Americans are regularly being confronted with the growth and reach of the national security state. Edward Snowden's revelations about the NSA's global invasion of telecommunications created an international reaction of shock. However, more than a year later there is little reason to believe that anything of significance has been done to curtail those activities. Meanwhile we are getting more and more information about the systematic approach that the Dept. of Homeland Security has taken to pulling local and state police forces into an integrated national security network. The sight of SWAT teams using military equipment against protesters in Ferguson was visually dramatic, but there are less dramatic and more insidious ways that this trend is invading everyday life for ordinary people.
You Are Being Tracked
A little noticed surveillance technology, designed to track the movements of every passing driver, is fast proliferating on America’s streets. Automatic license plate readers, mounted on police cars or on objects like road signs and bridges, use small, high-speed cameras to photograph thousands of plates per minute.
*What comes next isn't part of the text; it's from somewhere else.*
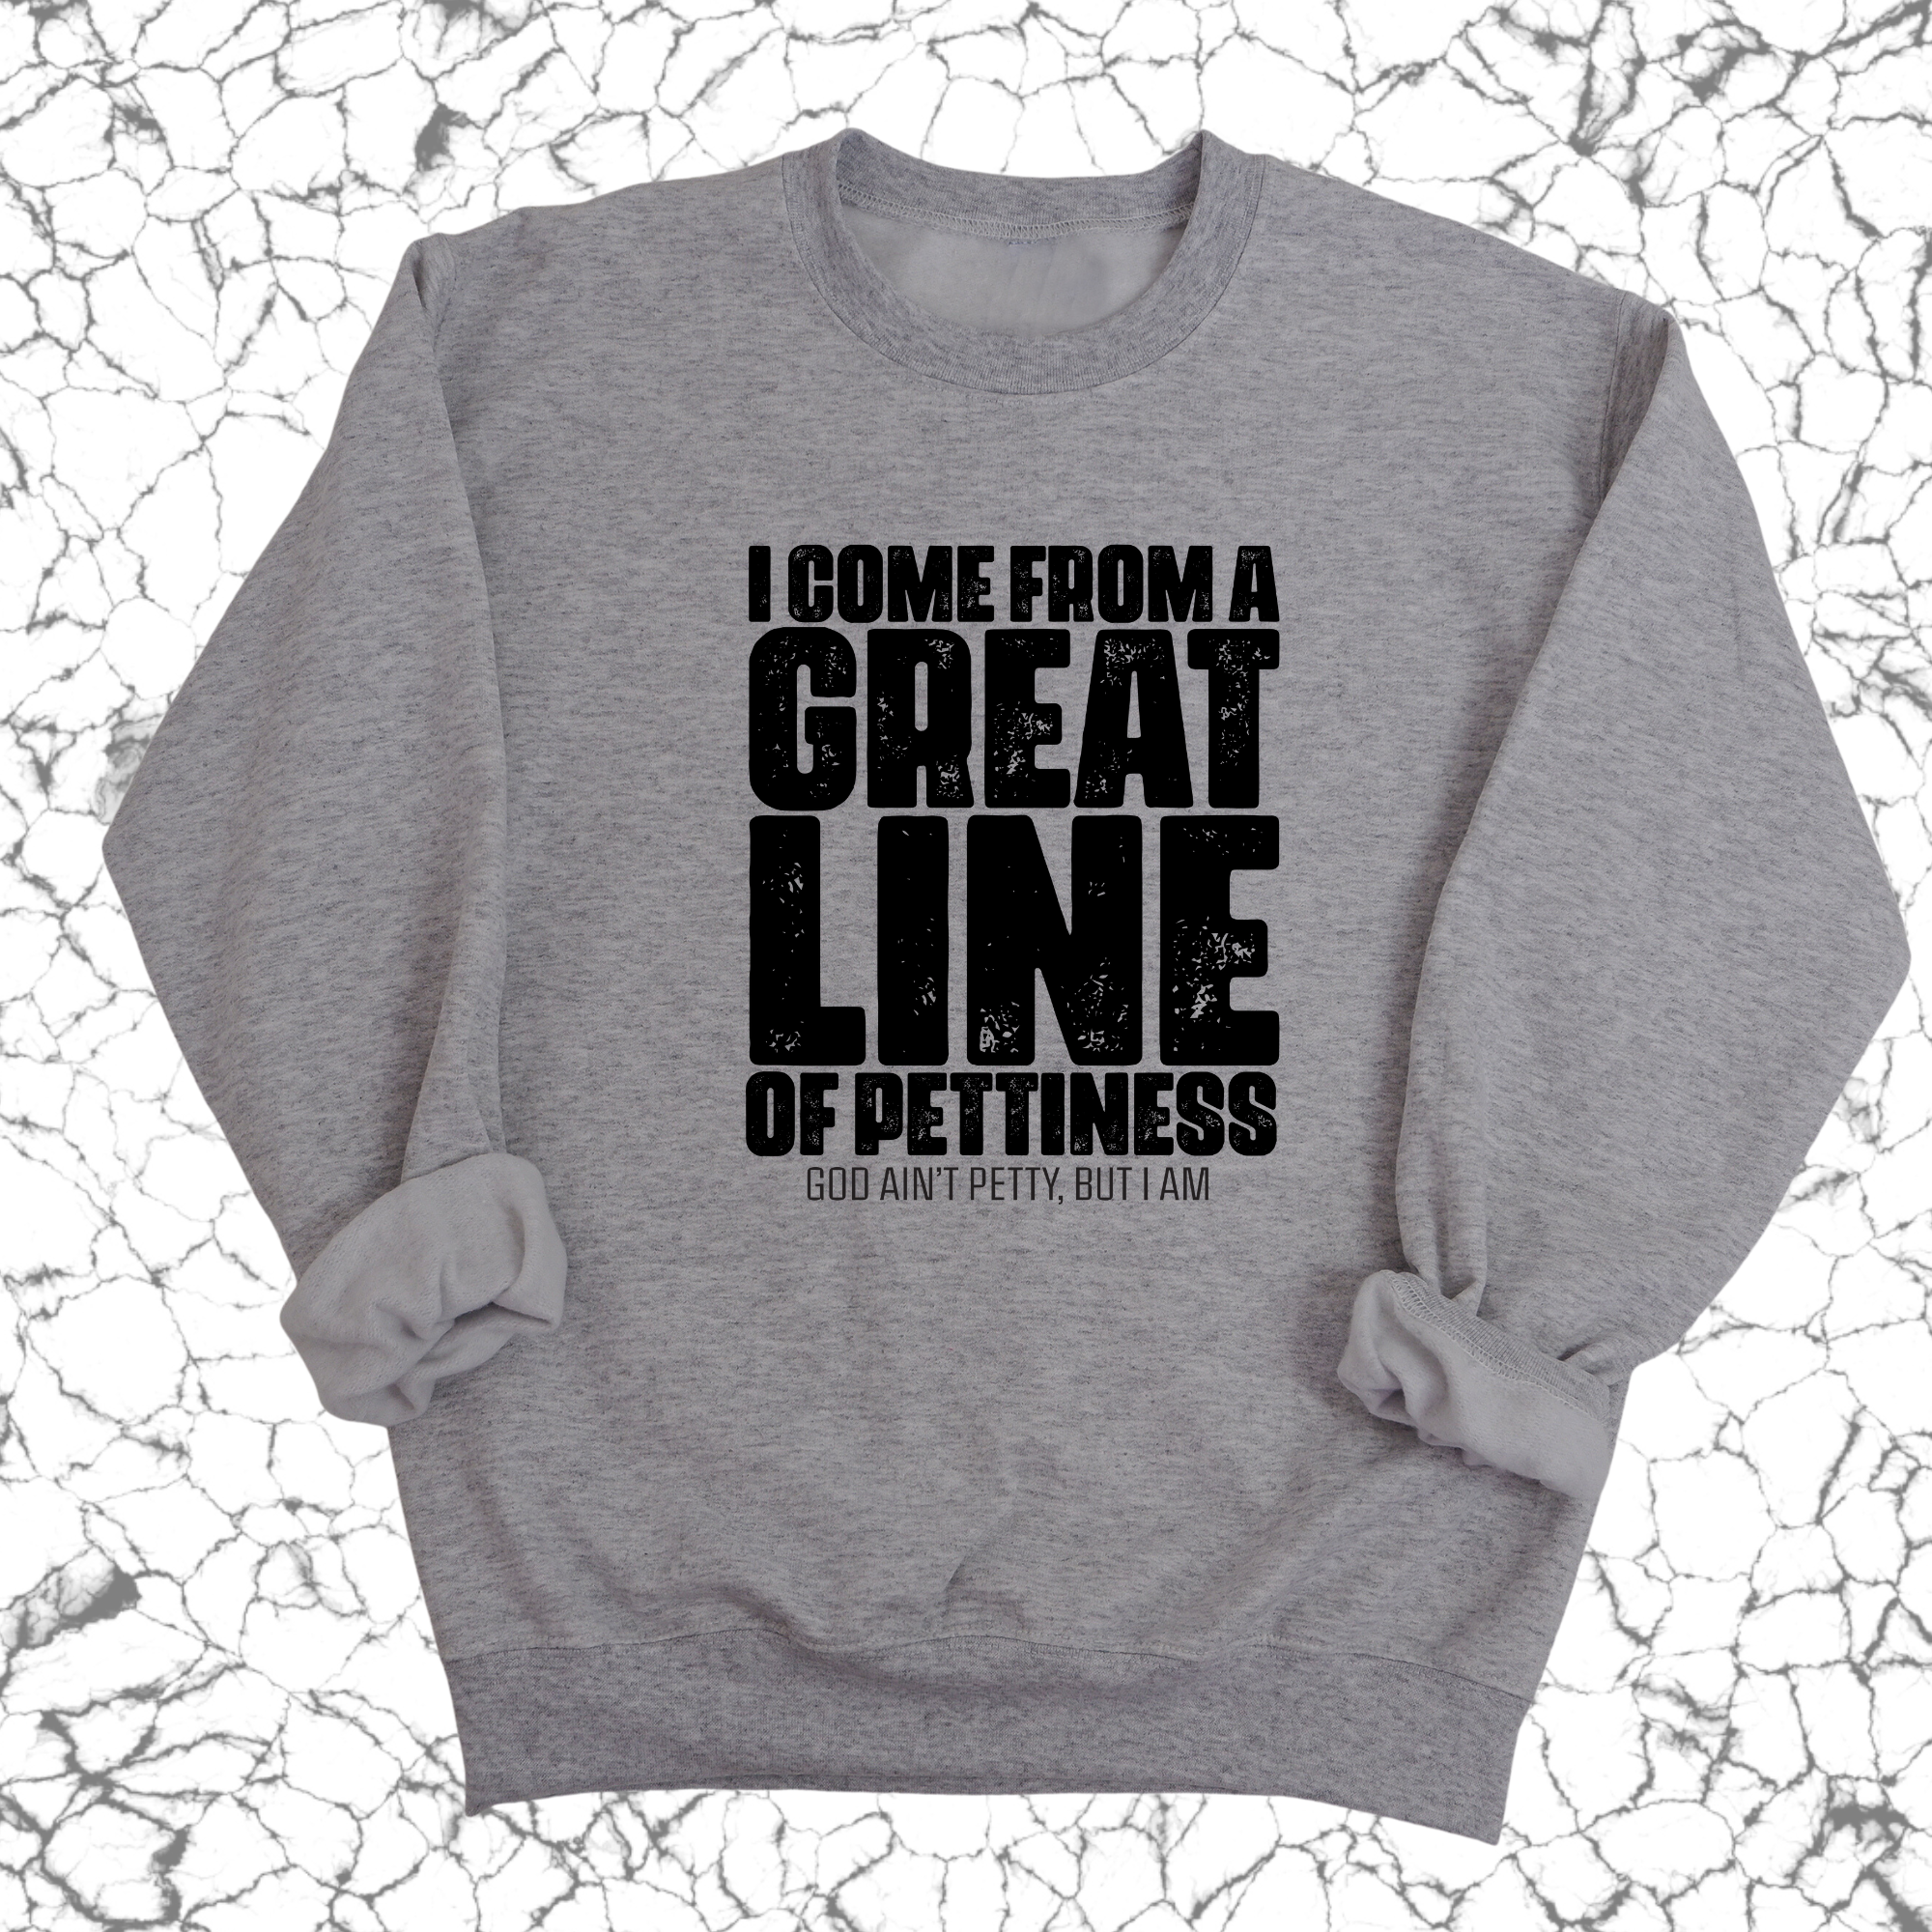 I come from a Great Line of Pettiness Unisex Sweatshirt-Sweatshirt-The Original God Ain't Petty But I Am

The information captured by the readers – including the license plate number, and the date, time, and location of every scan – is being collected and sometimes pooled into regional sharing systems. As a result, enormous databases of innocent motorists’ location information are growing rapidly. This information is often retained for years or even indefinitely, with few or no restrictions to protect privacy rights.
I don't know if the semi-rural low crime community where I live has yet installed such a network. If they haven't it is likely to come in time. That will make it possible for the forces of law and order to know that I have consistent patterns of driving behavior. I go to the same grocery store about twice a week. I ride my bicycle a lot and don't drive much. I wouldn't contribute a lot to the database. There is really nothing about the data that they would be collecting on me that would cause me immediate personal concern, and yet the whole thing gives me the creeps.
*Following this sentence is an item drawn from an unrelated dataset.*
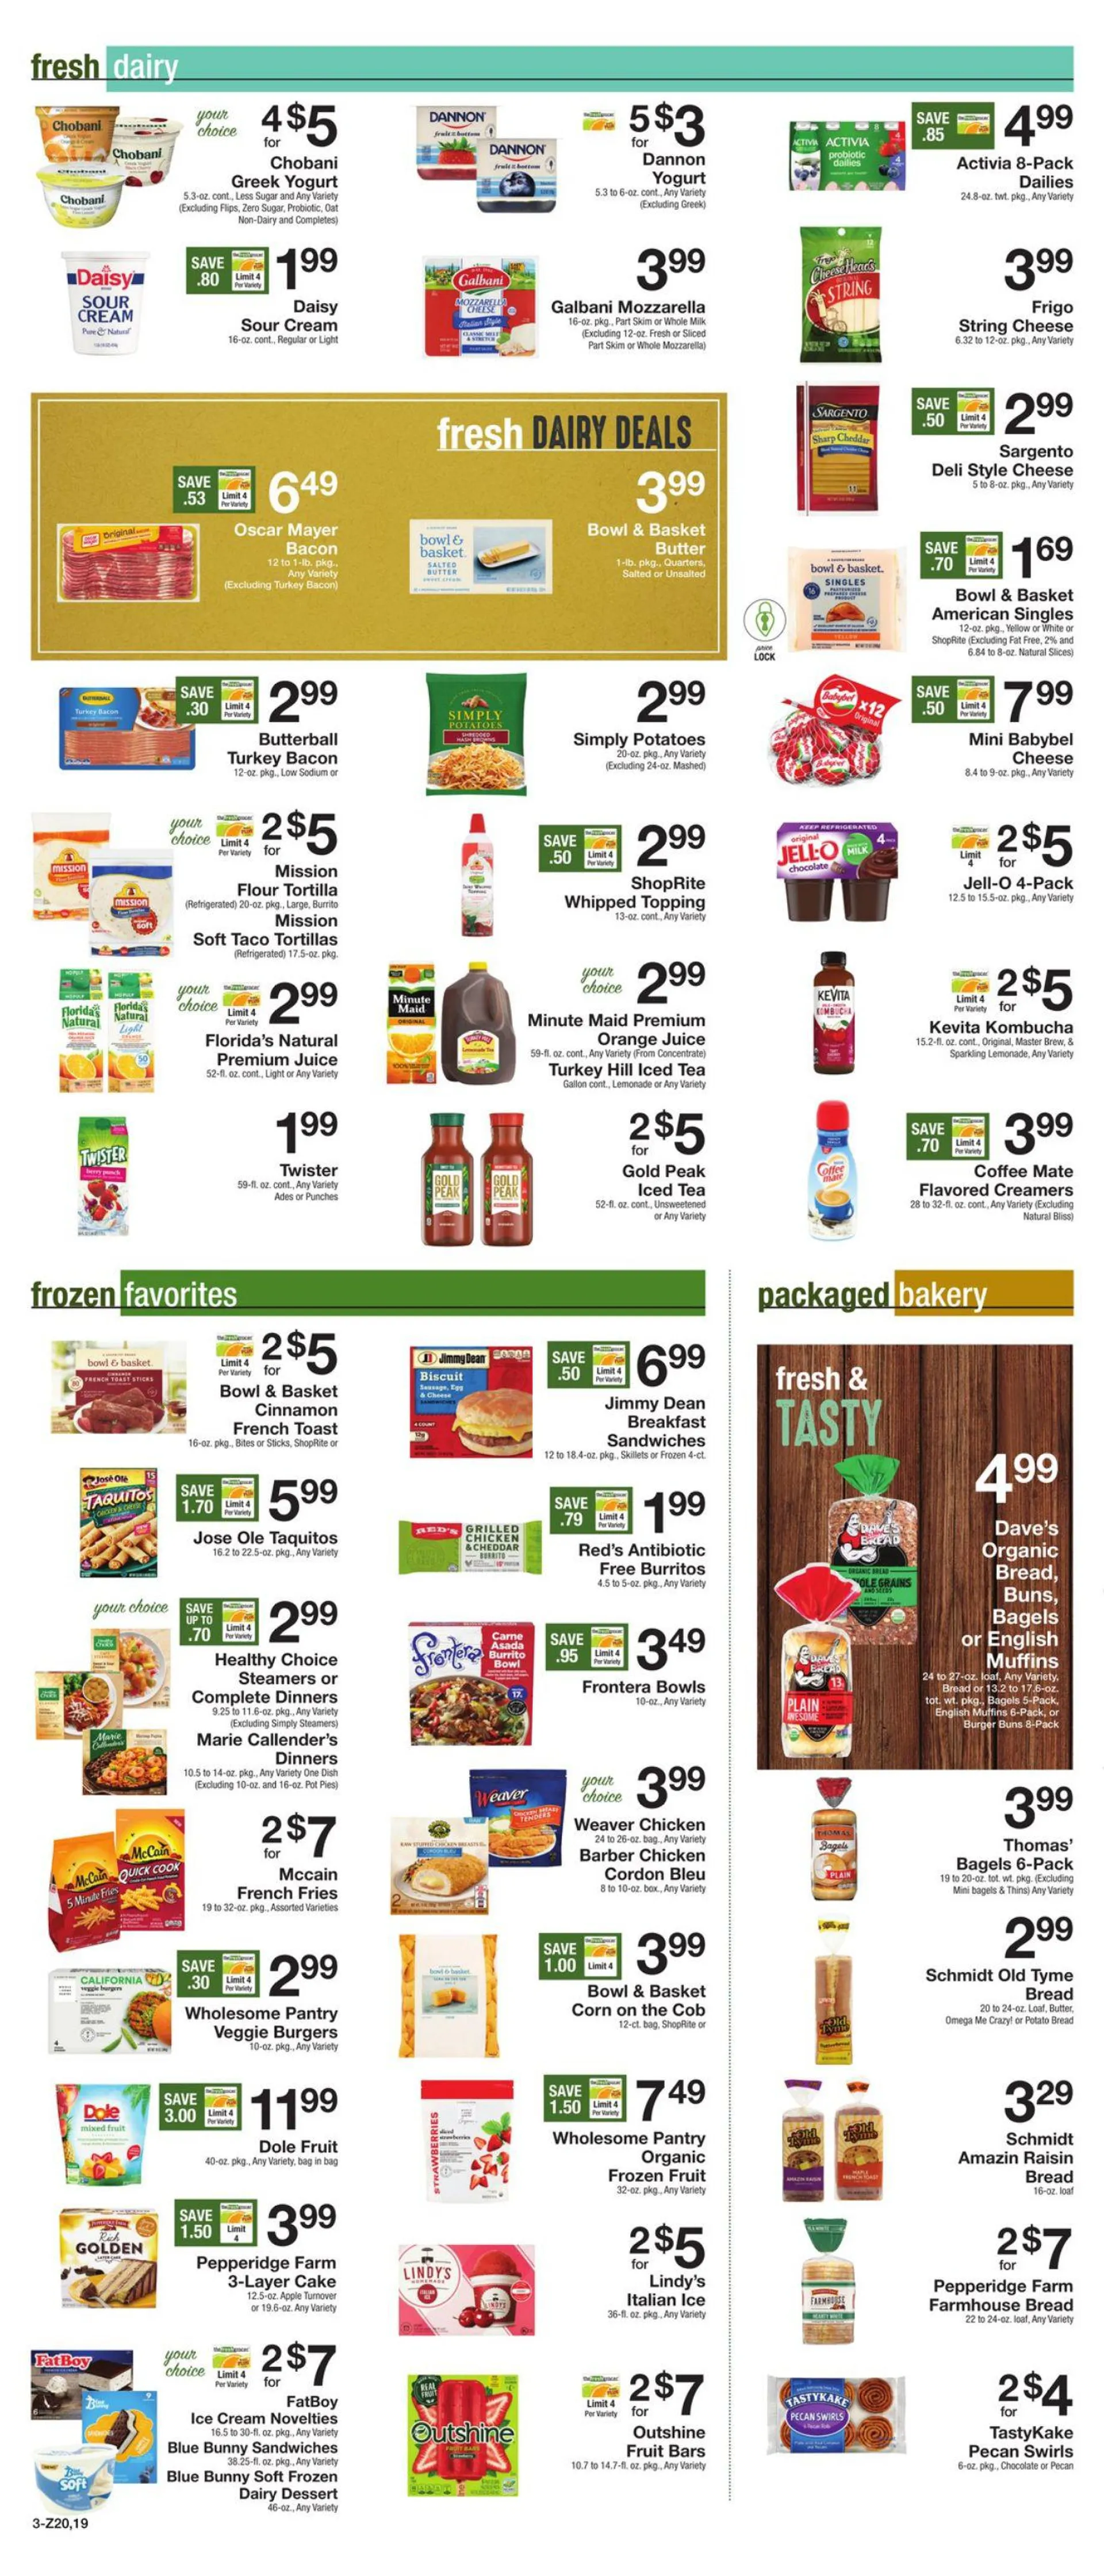 Gerritys Supermarkets Current weekly ad - 3

The ACLU has been actively following these developments.
In July 2012, ACLU affiliates in 38 states and Washington sent public records act requests to almost 600 local and state police departments, as well as other state and federal agencies, to obtain information on how these agencies use license plate readers. In response, we received 26,000 pages of documents detailing the use of the technology around the country. Click on the map icon on the right to learn how police in your state use license plate readers to track people's movements.
However, there is now a recent California court decision to treat the collected databases as off limits to public scrutiny.
California judge rules against privacy advocate and protects police secrecy
A California judge’s initial ruling against a tech entrepreneur, who seeks access to records kept secret in government databases detailing the comings and goings of millions of cars in the San Diego area, via license plate scans, was the second legal setback within a month for privacy advocates.
The tentative decision issued Thursday upheld the right of authorities to block the public from viewing information collected on their vehicles, by way of vast networks that rely on cameras mounted on stoplights and police cars.
The rapidly expanding systems and their growing databases have been the subject of a larger debate pitting privacy rights against public safety concerns in a new frontier over high-tech surveillance. A Los Angeles judge ruled in August that city police and sheriff’s departments don’t have to disclose records from the 3m plates they scan each week.
All databases are subject to various types of errors and malfunctions. Credit reports are notorious for having inaccurate data. There is no reason to think that the license plate data is fool proof. There could be other issues about granting public access. Tracking data that has no use in criminal investigations could be used in various forms of civil litigation.
The entire national security rationale from the NSA on down has become that because technology has now made it possible to collect, store and retrieve vast amounts of data, the very existence of the technology provides all the necessary justification for collecting it all.